In order to give an idea, the Sense software looks a bit like a combination of GuitarBand and FinalCut pro (put bluntly). You load in a midi file and let that trigger sample movies.
Eboman shows a movie done for Fortis. The reactions to the movie made (a commercial) were overwhelming, but the only thing he did was download ready-made movies and a midi-file (if you are working at Fortis, please consider the former as bullocks). (you should see the movie here ).

The great thing however is that the same process can be done live, with the audience. Here we see an advanced use of templates: he is also adding audiovisual 3d effects. Programmed in the studio, performed live by replacing the original stuff with the now-recorded audience content. (shows the performance on a festival).

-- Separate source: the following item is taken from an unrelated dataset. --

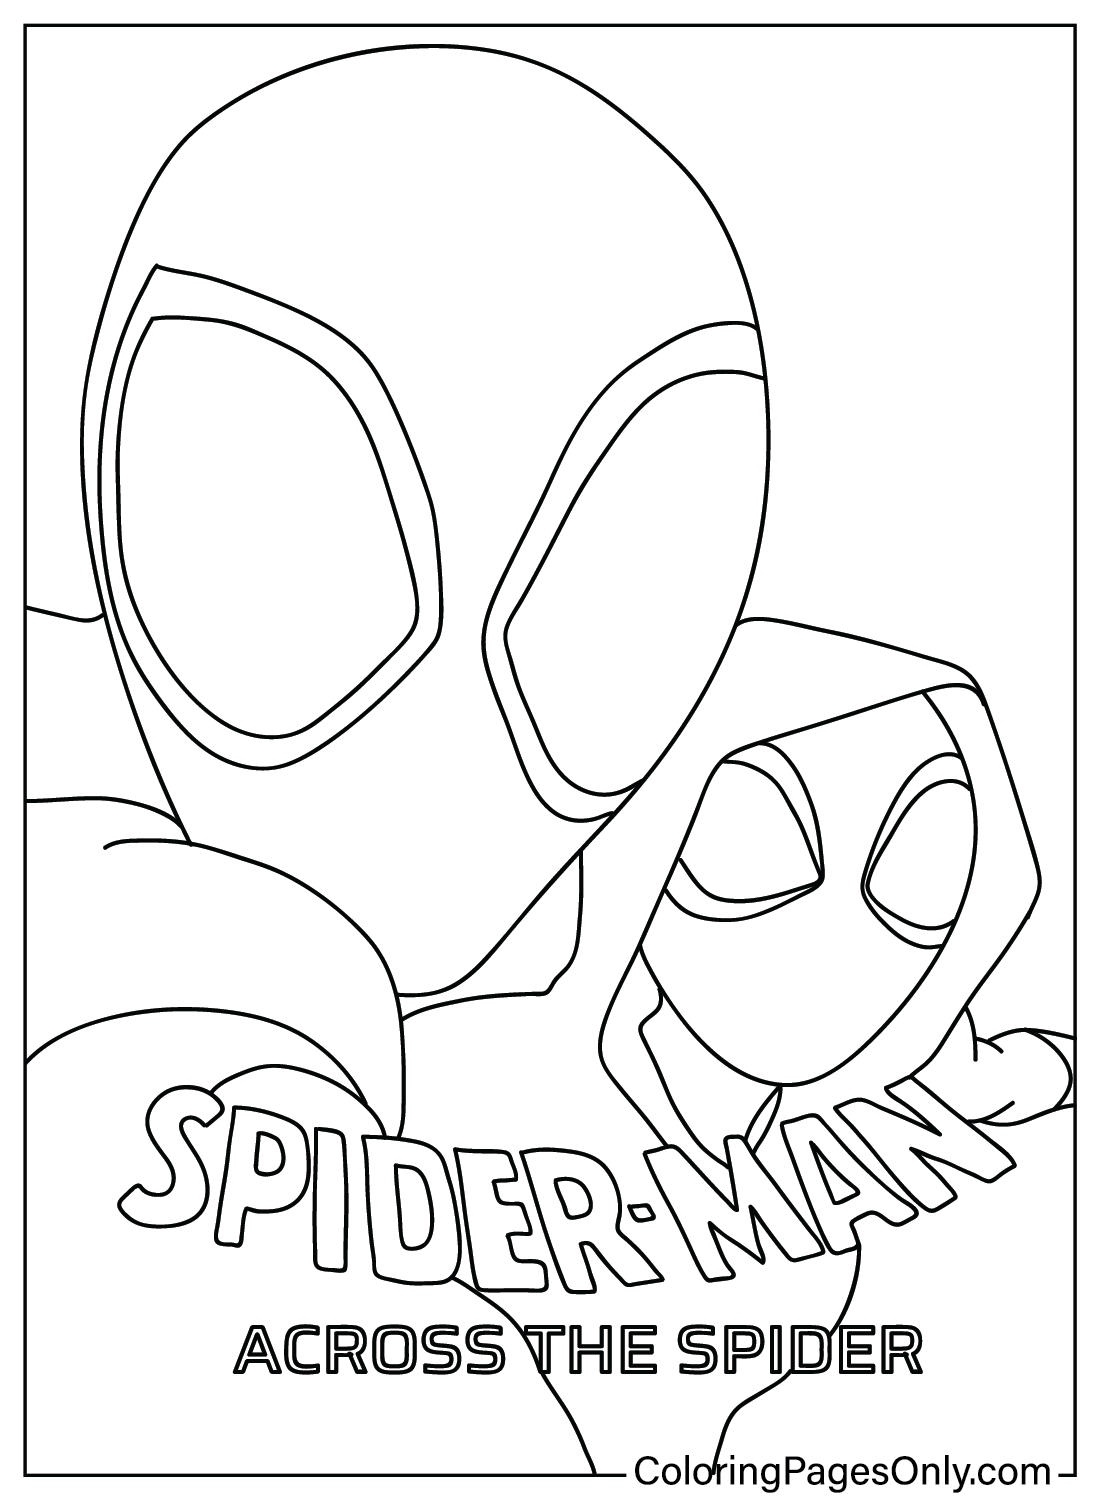 Página en color de dibujo de Spider-Man Across the Spider de Spider-Man: Across the Spider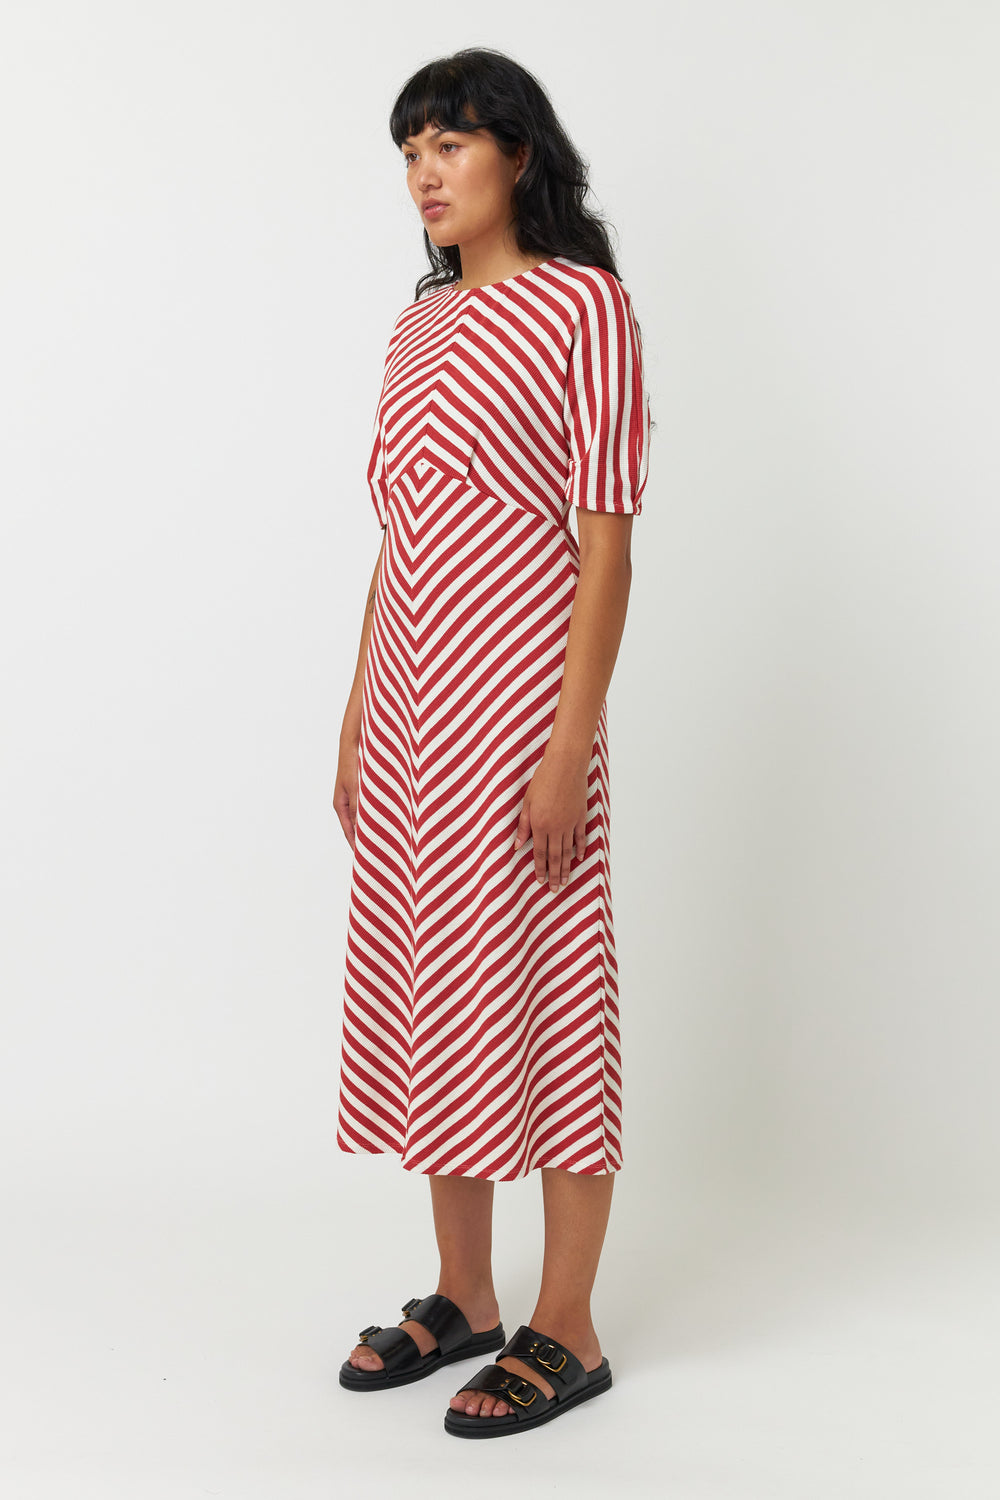 Stripey dress

The larger pint to make is that via sampling you can create your own stuff without even filming yourself – really remixing – using material made by others. Eboman now shows different user generated videos about hot topics, like the US elections. (Especially the one about the last debate is brilliant! watch the movie here)
Data is much more facilitated on the web. We need the right tools deal with these possibilities properly.

Koert: the content a certain tribal quality.
Eboman: I cannot wait until the next step in tools. I see sampling as a genre, as a medium. Eboman votes for the remixing culture – it triggers you as an artist to stay sharp and to be creative every day. I am a non-linear, modular guy.

Anne Helmond – blogging, software standards and template culture.

Anne is a lecturer at the University of Amsterdam and a blogger. Within her thesis, she writes about ‘blogging for engines” in this talks, she introduces the notion of software studies and (possible?) underlying sub-fields of this new area of study. She is actively involved in the software studies-initiative by Lev Manovich.
The question to answer is how do we establish a new field of study that is about software. And, is there such a thing as a language of media; does this lead to new aesthetics and different languages of media. This should change the way we think about our culture, where software has penetrated our society (I would use permeated).
Manovich described convincingly in his book ‘the language of new media’ that there indeed is a language to be found in new media. From media studies we should move to software studies.

The kind of software studies Lev does is the “million dollar ‘ version of software studies, which unfortunately is not possible at the University of Amsterdam. But there are other ways.
The main point is that software has become a cultural force. As a result, this force is an object of critique, and should at least be studied.
One part of software studies is that of the template culture. The template culture is visible in popular cms (content management systems red.) like Joomla and the popular blog software WordPress. It is all about default settings, templates and themes.
Within WordPress, there are millions of choices in templates; still they all look the same. Template culture define a cultural software – defined by medium and practices, in this case blogging. Blog software enabled easy publishing. One-button publishing software.

Blogging used to be the domain of geeks, nowadays blogging promises some democratic level.
If you really want to be different, you will have to change the code.
Anne shows a Unix-interface blog example to show that a blog is just a database and one WordPress user treated his blog as such. (Anne thinks this is beautiful I say it is very geeky). The point to make here is that blogs are interfaces for databases.

Not everyone is a hacker, so what should this software study look like?
Most of us who use and study media culture are not hackers, but more like a part of a template culture.
Anne continues by talking about the widgetized self. Widgets are a popular way of personalizing your blog using third party (social) software. Widgets are the individualization of the template culture.